To the polymer solution was added 20 ml of a hexane solution containing 1.5 ml of methanol, and the polymer solution was stirred for 5 minutes. Then, to the polymer solution were added 12.0 g of 2-tert-butyl-6-(3-tert-butyl-2-hydroxy-5-methylbenzyl)-4-methylphenyl acrylate (trade name: Sumilizer GM, manufactured by Sumitomo Chemical Co., Ltd.) and 6.0 g of pentaerythrityltetrakis(3-laurylthiopropionate) (trade name: Sumilizer TP-D, manufactured by Sumitomo Chemical Co., Ltd.), and the polymer solution was then allowed to stand under ambient temperature for 24 hours, and the solvent was evaporated to obtain a polymer. Thereafter, the resulting polymer was further dried at 55° C. for 12 hours under reduced pressure.
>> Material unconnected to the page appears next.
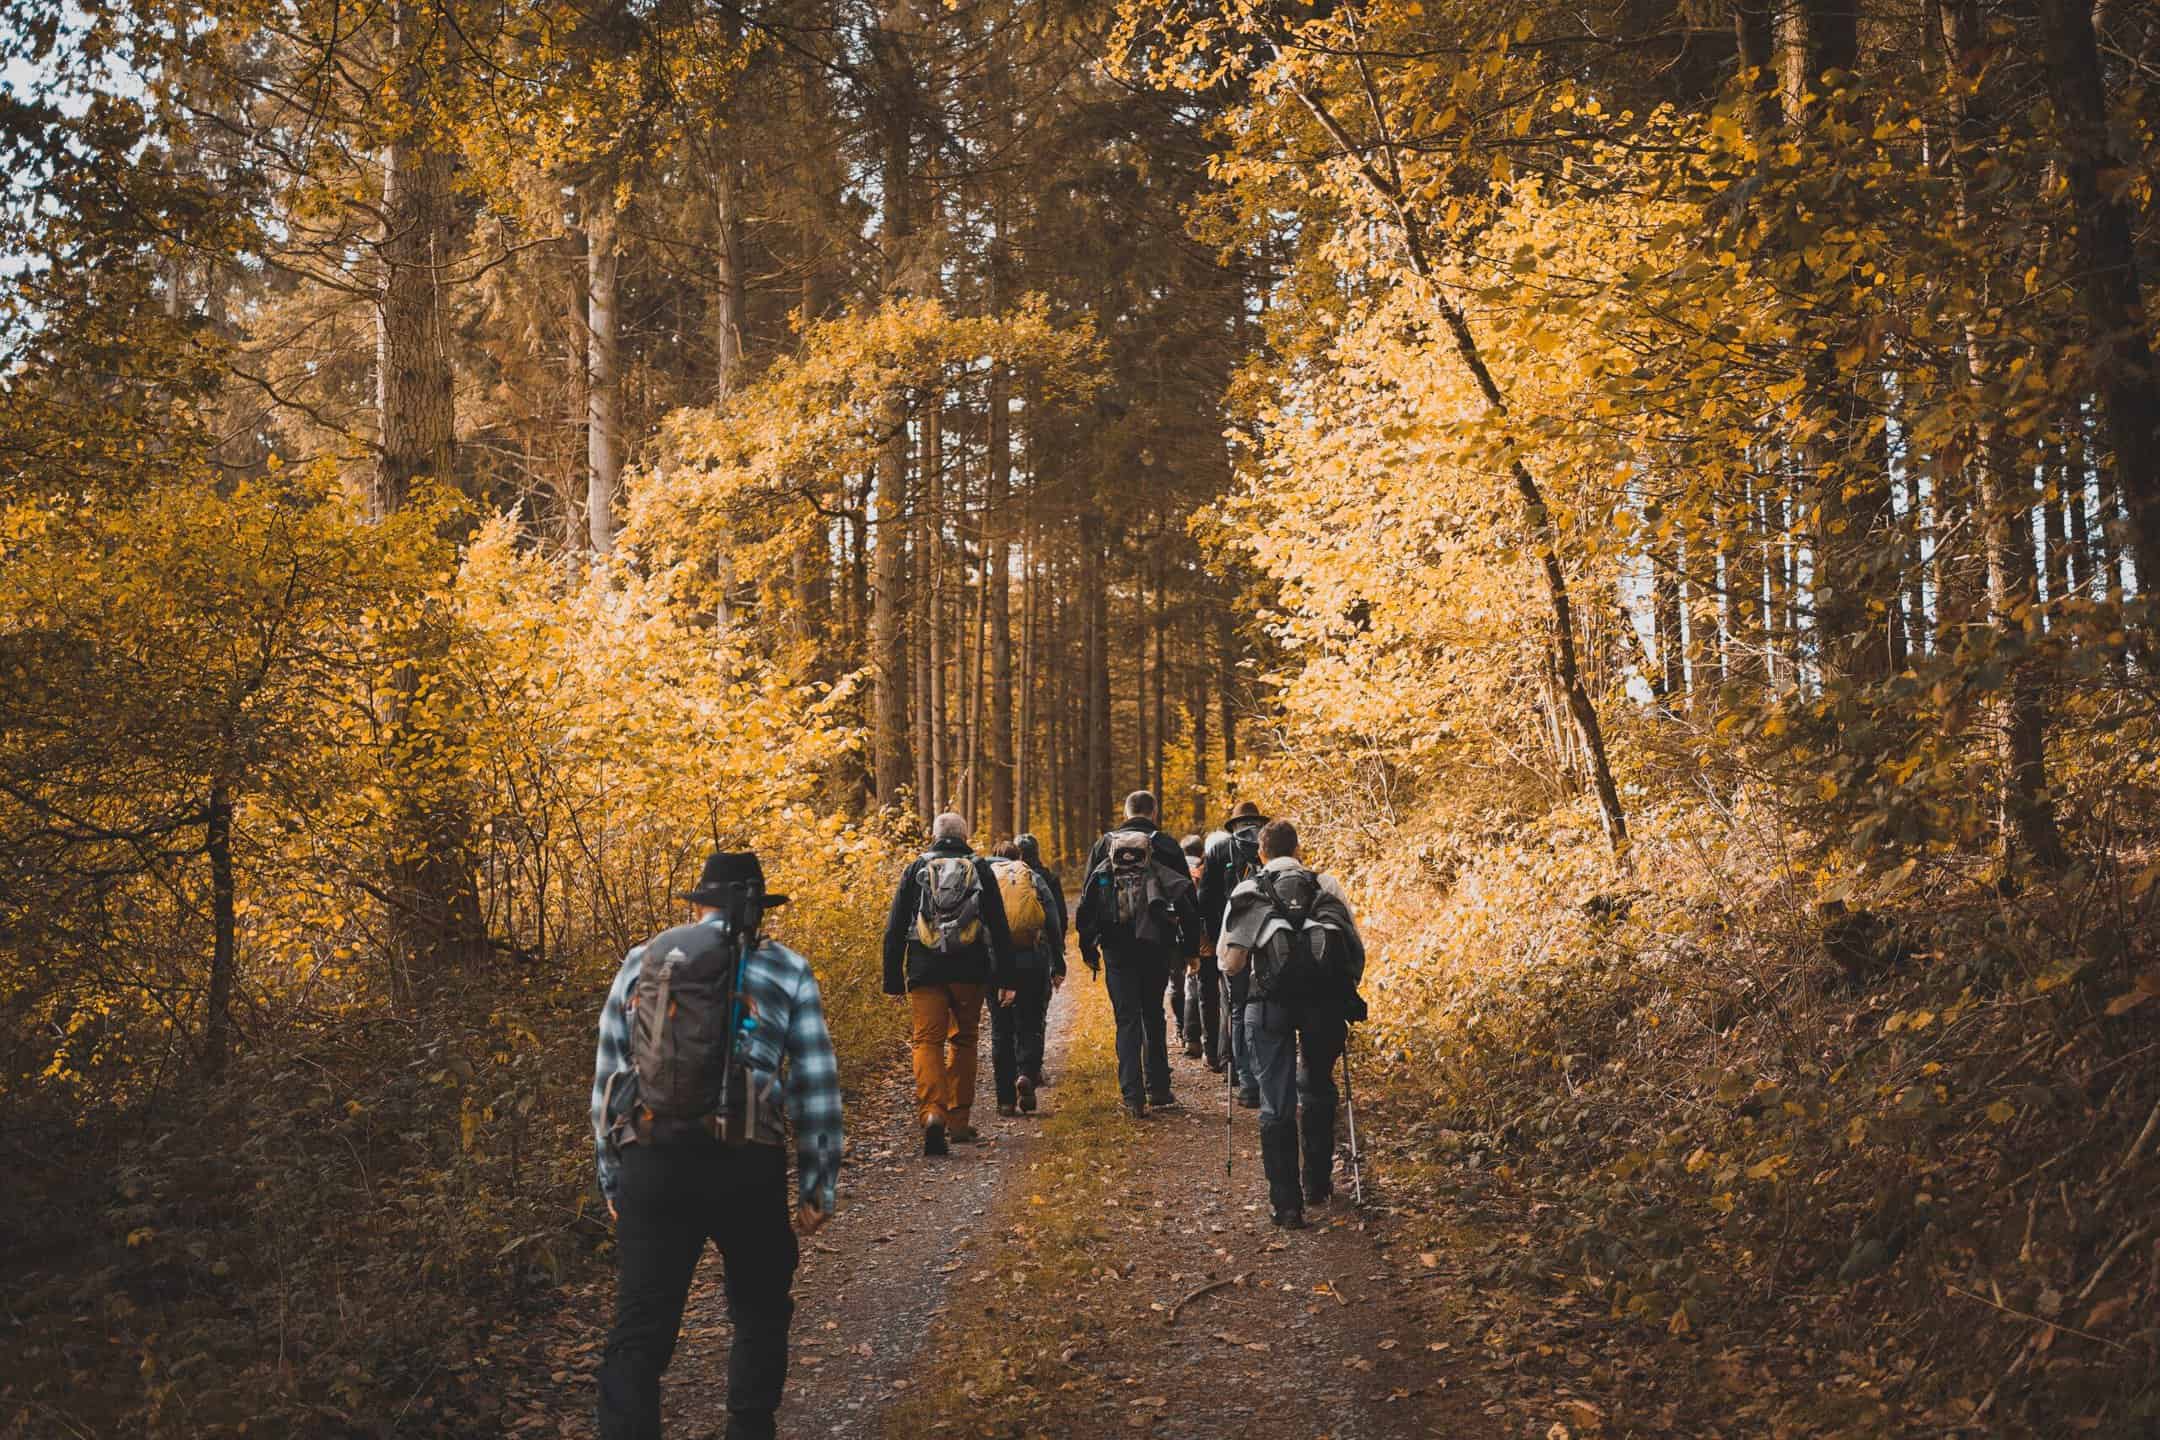 A group of walkers follow a path through a forest in autumn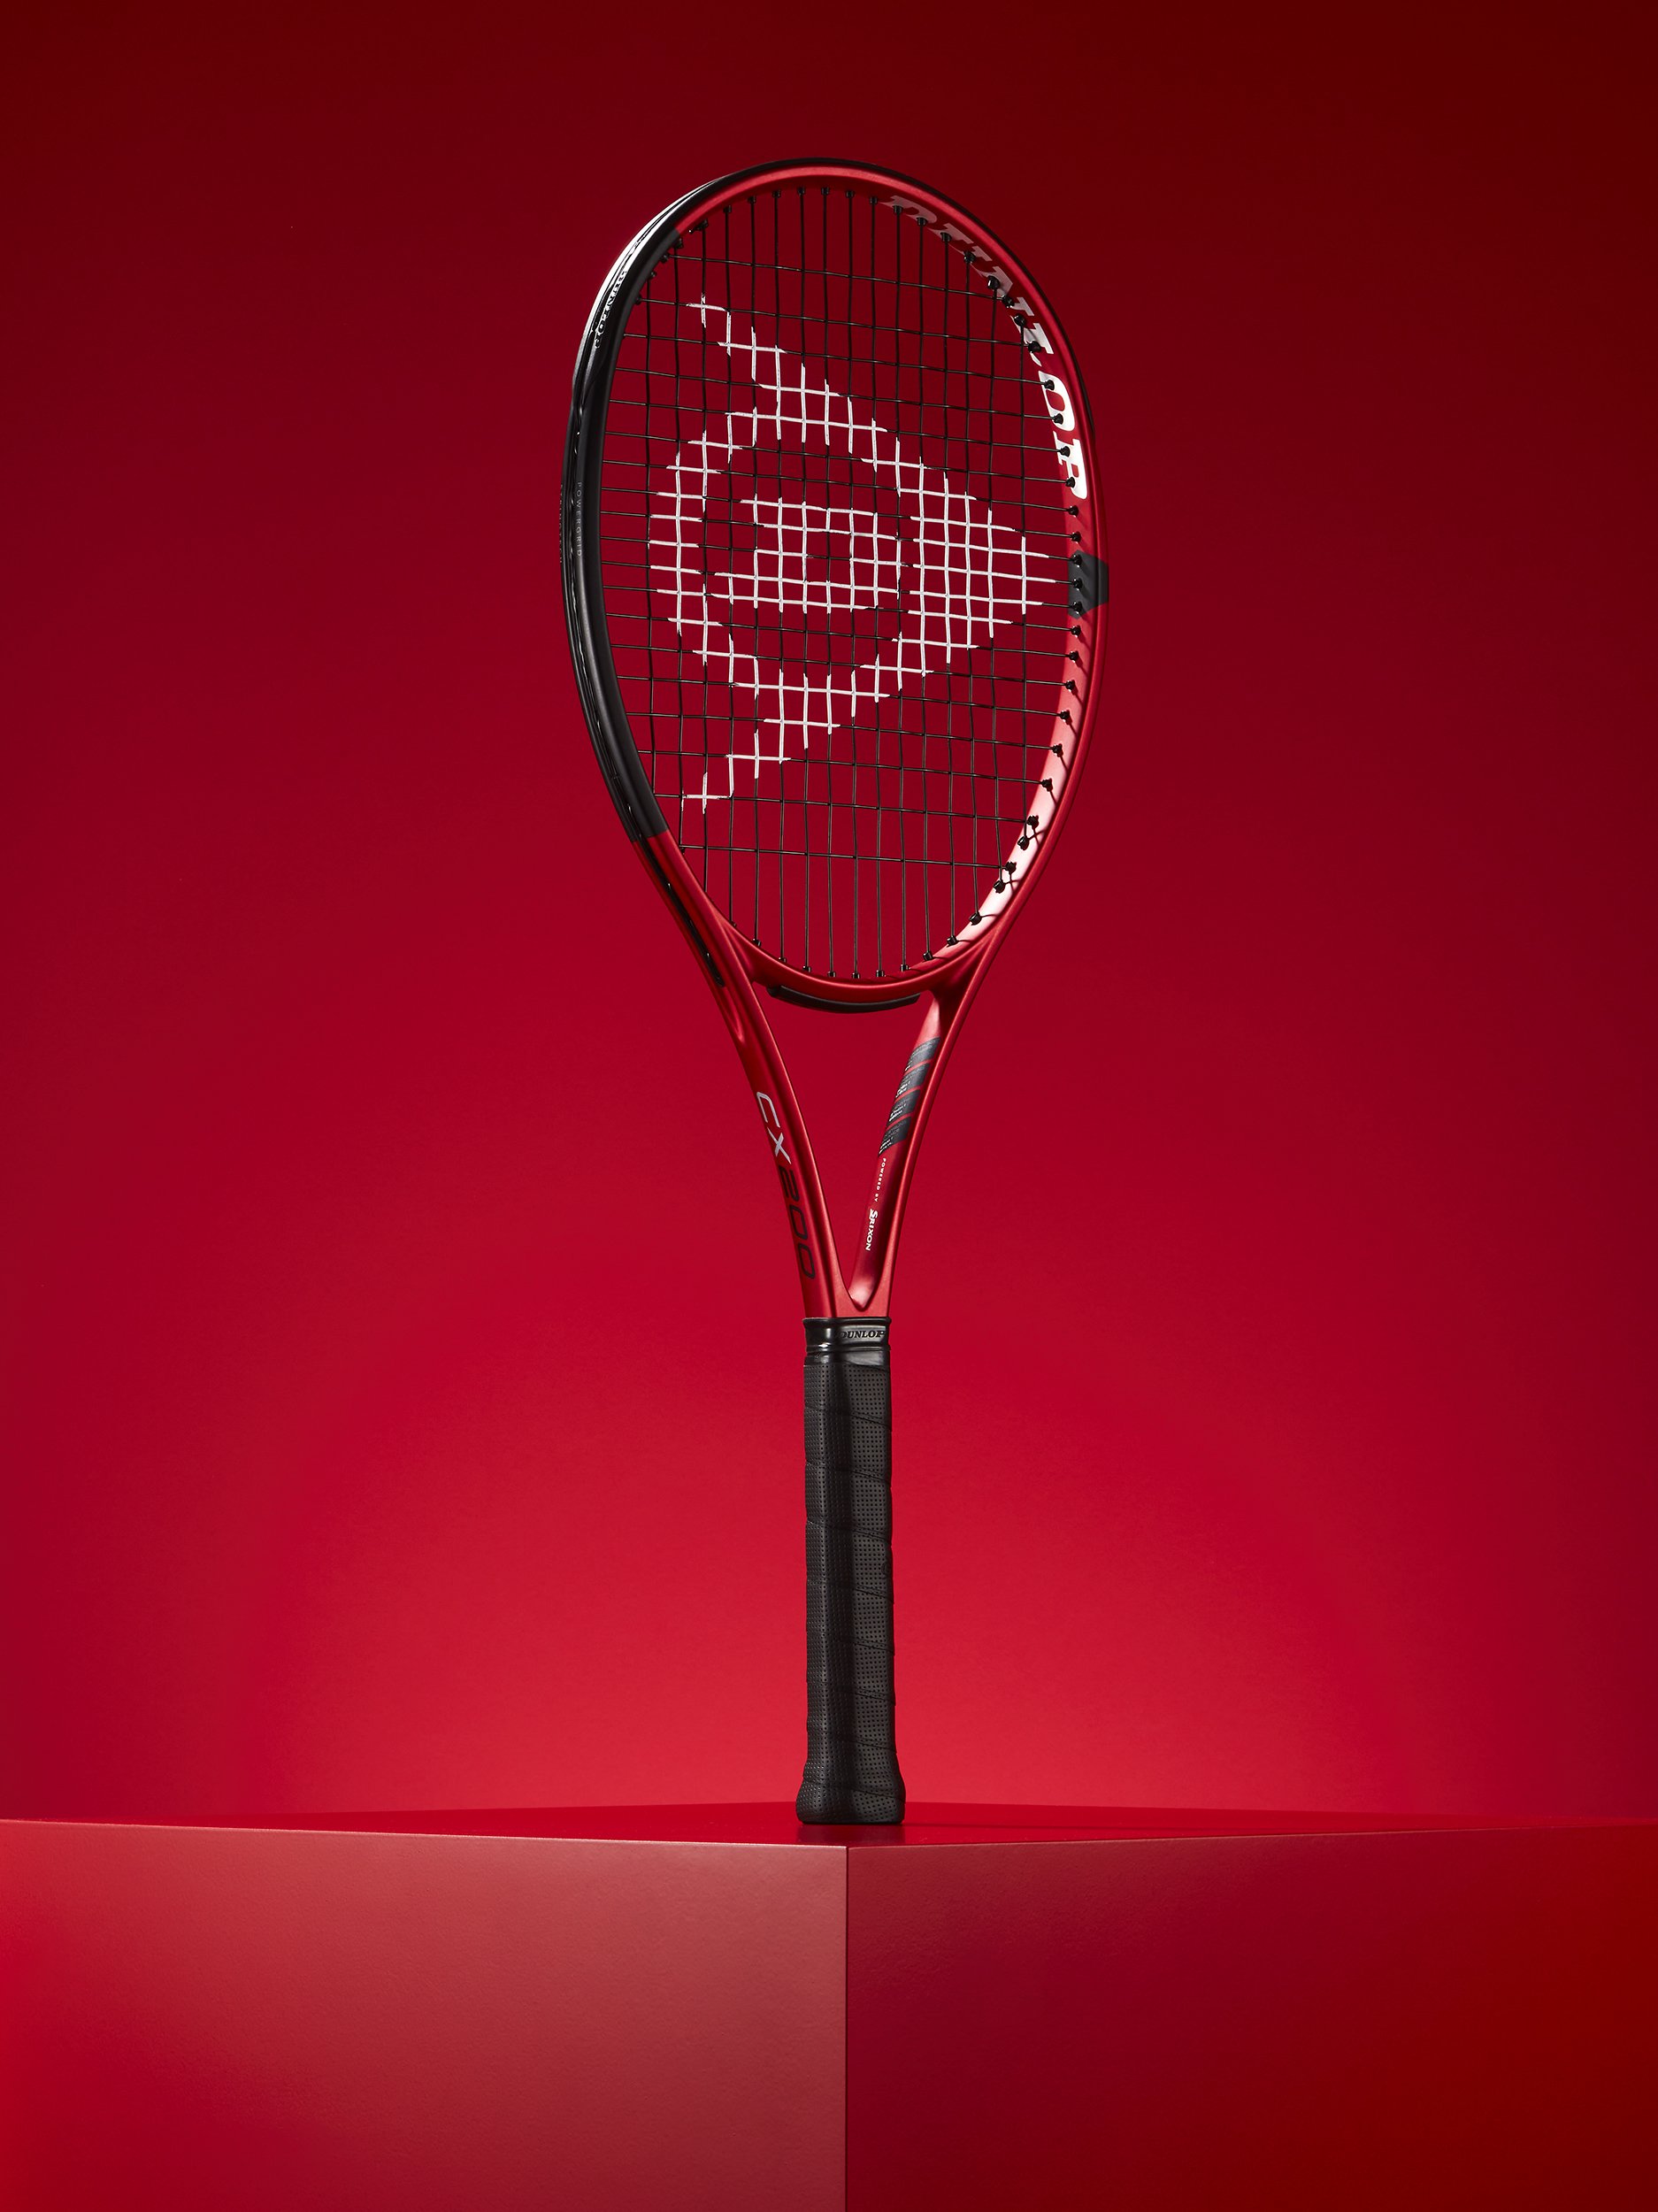 Dunlop CX Tennis Racket - Advertising photography by Simon Lyle Photography

The evaluation results of the polymer are shown in Table 1.

One hundred parts by weight of the resulting polymer, 78.4 parts by weight of silica (trade name: Ultrasil VN3-G, manufactured by Degussa), 6.4 parts by weight of a silane coupling agent (trade name: Si69, manufactured by Degussa), 6.4 parts by weight of carbon black (trade name: Diablack N339, manufactured by Mitsubishi Chemical Corporation), 47.6 parts by weight of an extender oil (trade name: JOMO Process NC-140, manufactured by Japan Energy Corporation), 1.5 parts by weight of an anti-aging agent (trade name: Antigen 3C, manufactured by Sumitomo Chemical Co., Ltd.), 2 parts by weight of stearic acid, 2 parts by weight of zinc flower, 1 part by weight of a vulcanization accelerator (trade name: Soxinol CZ, manufactured by Sumitomo Chemical Co., Ltd.), 1 part by weight of a vulcanization accelerator (trade name: Soxinol D, manufactured by Sumitomo Chemical Co., Ltd.), 1.5 parts by weight of a wax (trade name: Sunnoc N, manufactured by Ouchi Shinko Chemical Industrial Co., Ltd.), and 1.4 parts by weight of sulfur were kneaded with Laboplast Mill to prepare a polymer composition. The resulting polymer composition was molded into a sheet with a 6 inch roll, and the sheet was heated at 160° C. for 45 minutes for vulcanization to prepare a vulcanized sheet. The evaluation results of physical properties of the vulcanized sheet are shown in Table 1.

Comparative Example 1

The interior of a polymerization reactor made of stainless steel, equipped with a stirring device, and having an internal volume of 20 L was washed and dried, and replaced with dry nitrogen. Then, 10.2 kg of industrial hexane (density 680 kg/m³), 608 g of 1,3-butadiene, 192 g of styrene, 6.1 ml of tetrahydrofuran, and 4.4 ml of ethylene glycol diethyl ether were placed into the polymerization reactor. Then, in order to detoxify impurities causing inactivation of a polymerization initiator in advance, a small amount of a solution of n-butyllithium in n-hexane as a scavenger was placed into the polymerization reactor.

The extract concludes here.